On Friday, China maintained its main benchmark lending rates unchanged at the monthly fixing amidst the Federal Reserve’s interest rates cut.
Reuters market watchers’ poll predicted some shaving after the Federal Reserve’s 50 basis point rate cut allowed China to lower its domestic borrowing costs without triggering a significant depreciation in yuan.
The People’s Bank of China (PBOC) announced its decision to keep the one-year loan prime rate (LPR), affecting corporate and most household loans, at 3.35%, and the five-year LPR, a benchmark for mortgage rates, at 3.85%.
The interest rate reduction in the US has provided China with increased monetary flexibility to concentrate on alleviating the debt pressure on both consumers and businesses.
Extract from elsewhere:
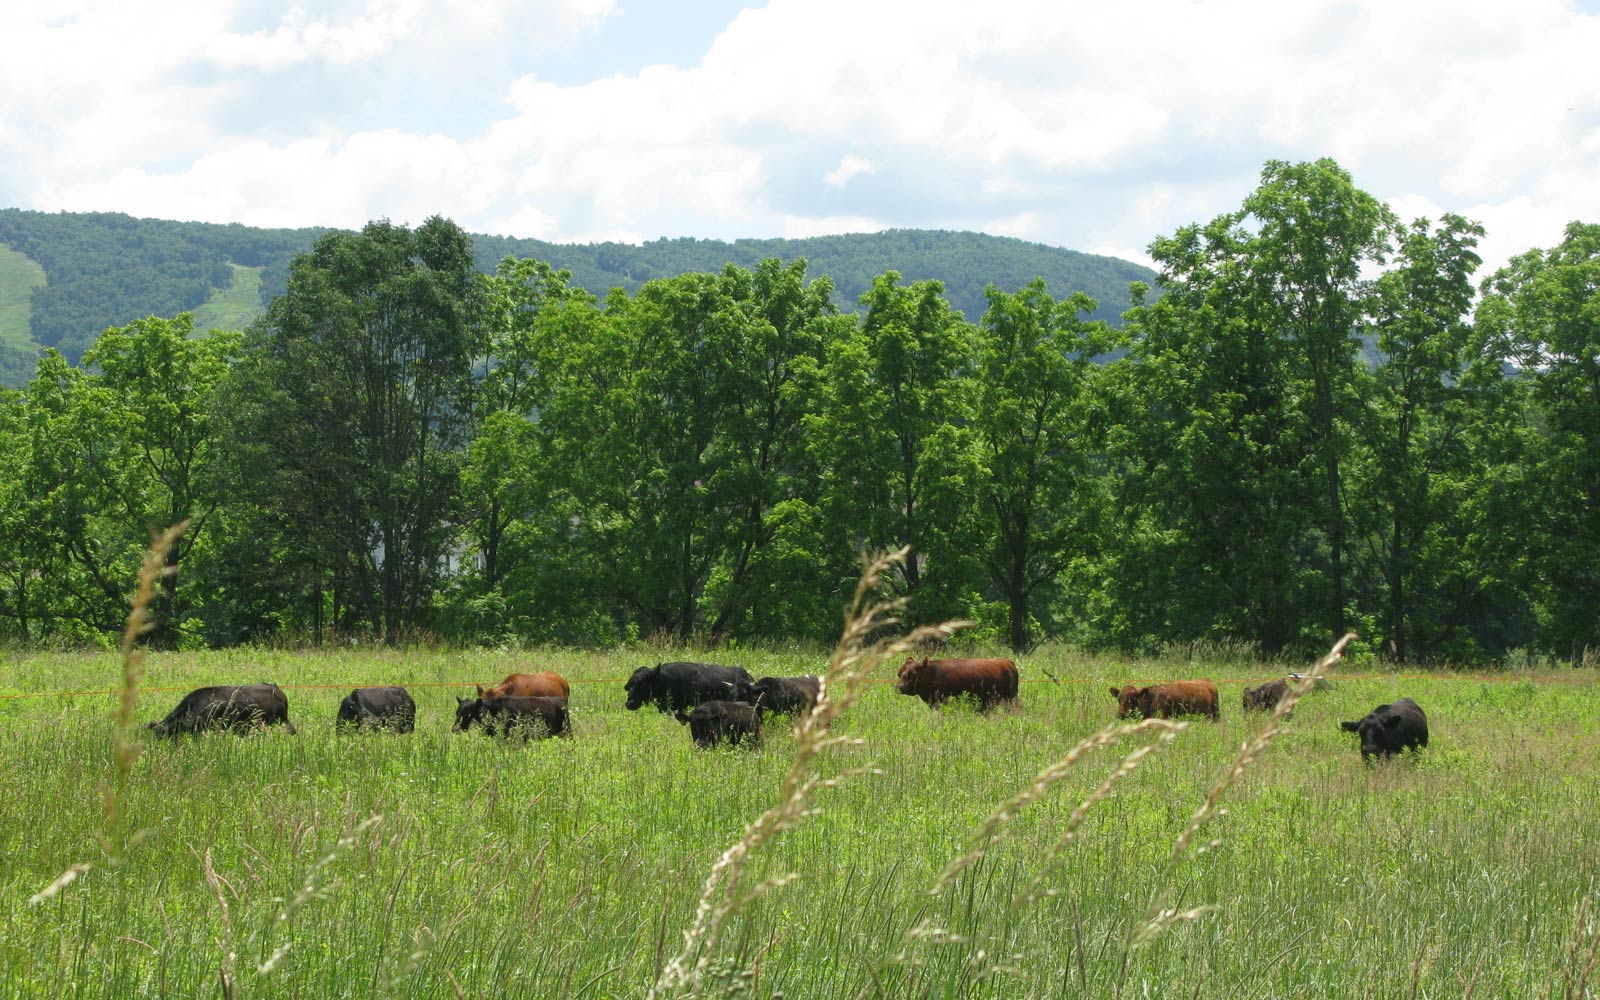 vernon valley farm - cows grazing far away

This strategy aims to stimulate investment and consumption within the country.
China already surprised the markets in July by trimming major short- and long-term lending rates to bolster economic growth, which was facing a persistent property crisis and weakening consumer and business sentiment.
China’s retail sales, industrial production, and urban investment in August exhibited slower growth than economists’ expectations, with the urban unemployment rate climbing to a six-month high, while housing prices, on a yearly basis, falling at the fastest rate in nine years.
The discouraging economic data emphasized a weak momentum in the economy and prompted renewed appeals to the government to roll out more fiscal and monetary stimulus efforts.
Several major banks have revised their predictions for China’s full-year GDP growth to below the government’s official goal of 5%, with Bank of America downgrading the figure to 4.8%, and Citigroup altered their assessment to 4.7%.